■ **AIM OF THE TASK**:
Return all of the listing word for word; the pictures stay out.

■ **SUPPLIED DATA**:
---*---

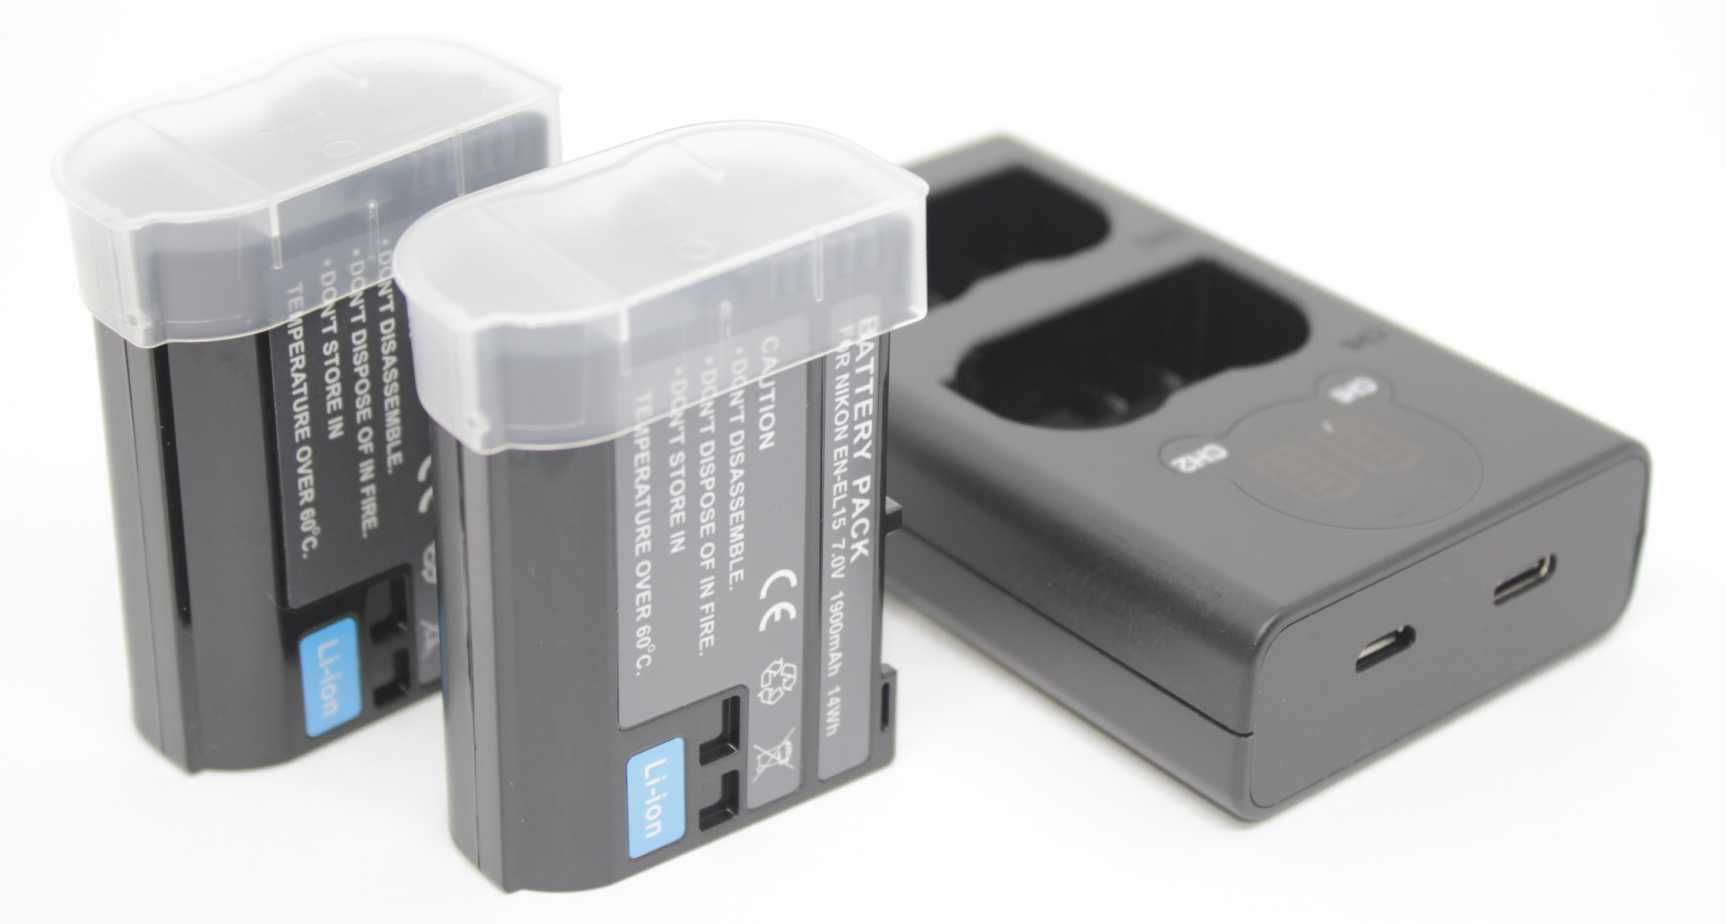 2 Baterias EN-EL15 +  Carregador Duplo para Nikon D7000, D800, D800e, D600, D7100
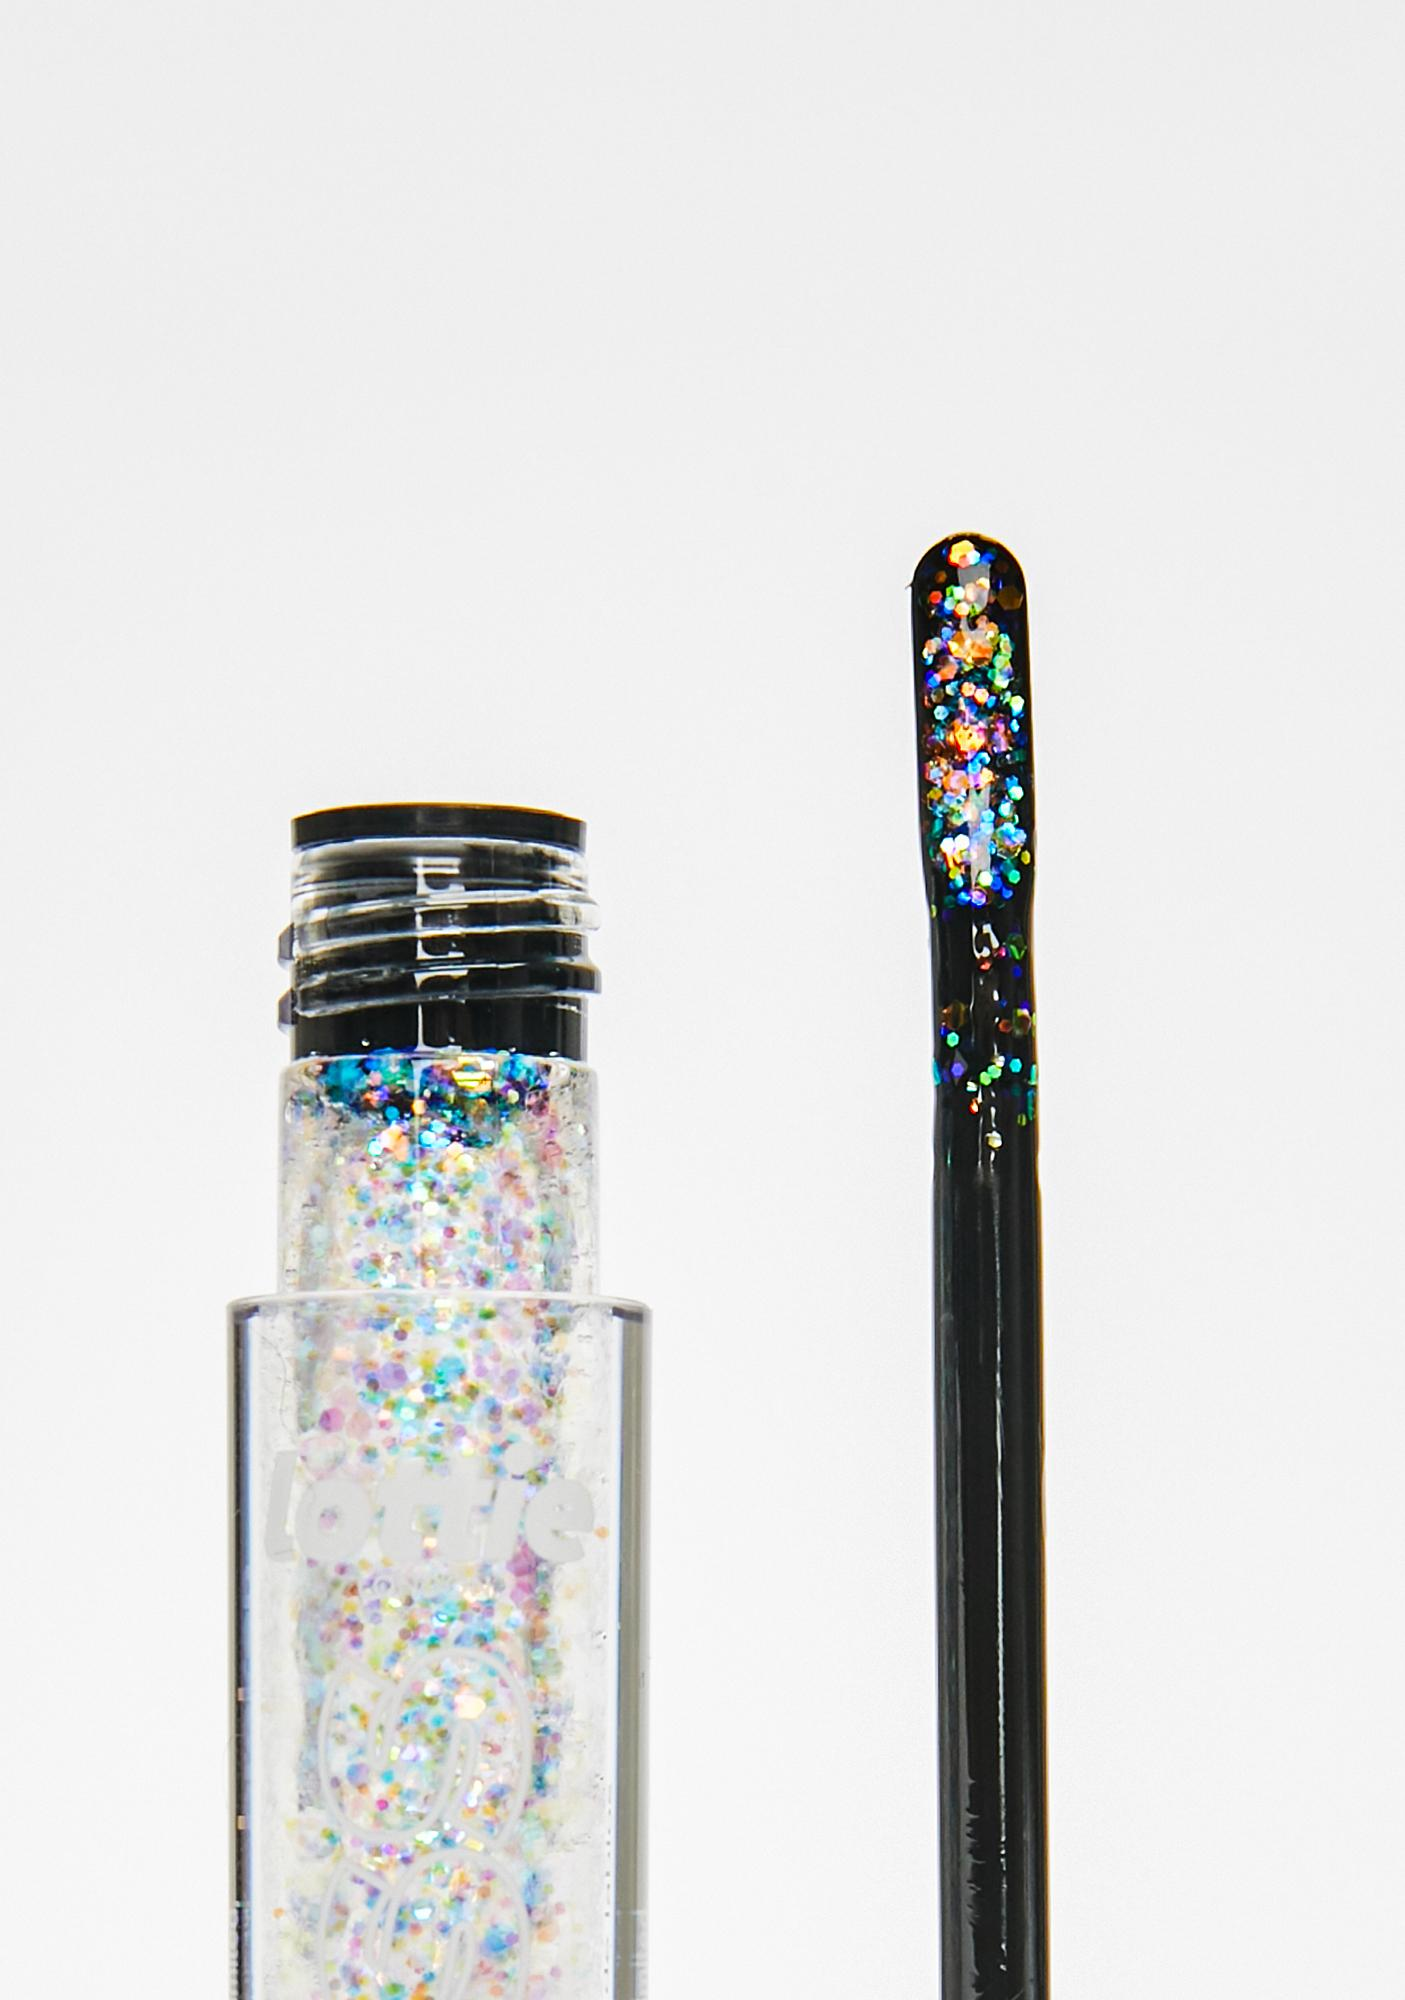 Lottie London Broken Glitter Glass Lip Gloss
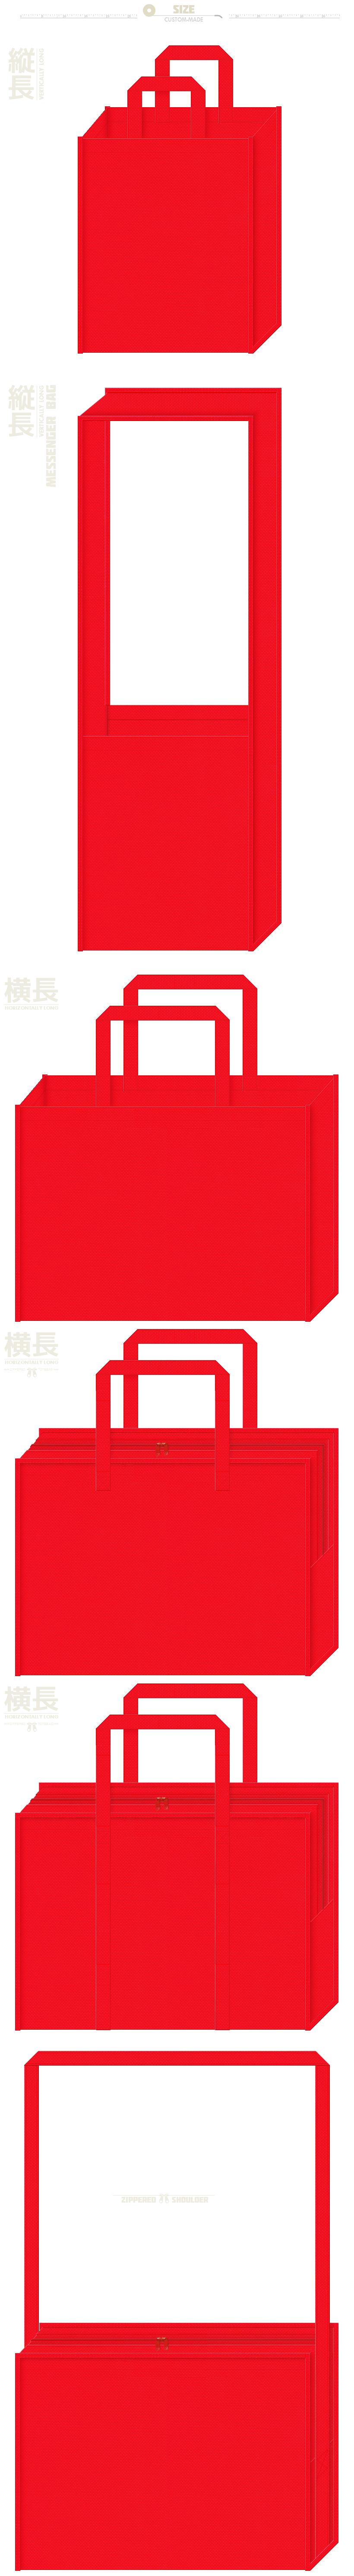 赤色不織布バッグにお奨めのイメージ:太陽・ハイビスカス・チューリップ・紅葉・ハート・カーネーション・母の日・還暦・スイカ・イチゴ・トマト・ケチャップ・金魚・暖房・消防・クリスマス・赤鬼・赤備え・お正月・福袋

---*---

■ **RESULT FOR THIS EXERCISE**:
 2 Baterias EN-EL15 +  Carregador Duplo para Nikon D7000, D800, D800e, D600, D7100
 Lottie London Broken Glitter Glass Lip Gloss
 赤色不織布バッグにお奨めのイメージ:太陽・ハイビスカス・チューリップ・紅葉・ハート・カーネーション・母の日・還暦・スイカ・イチゴ・トマト・ケチャップ・金魚・暖房・消防・クリスマス・赤鬼・赤備え・お正月・福袋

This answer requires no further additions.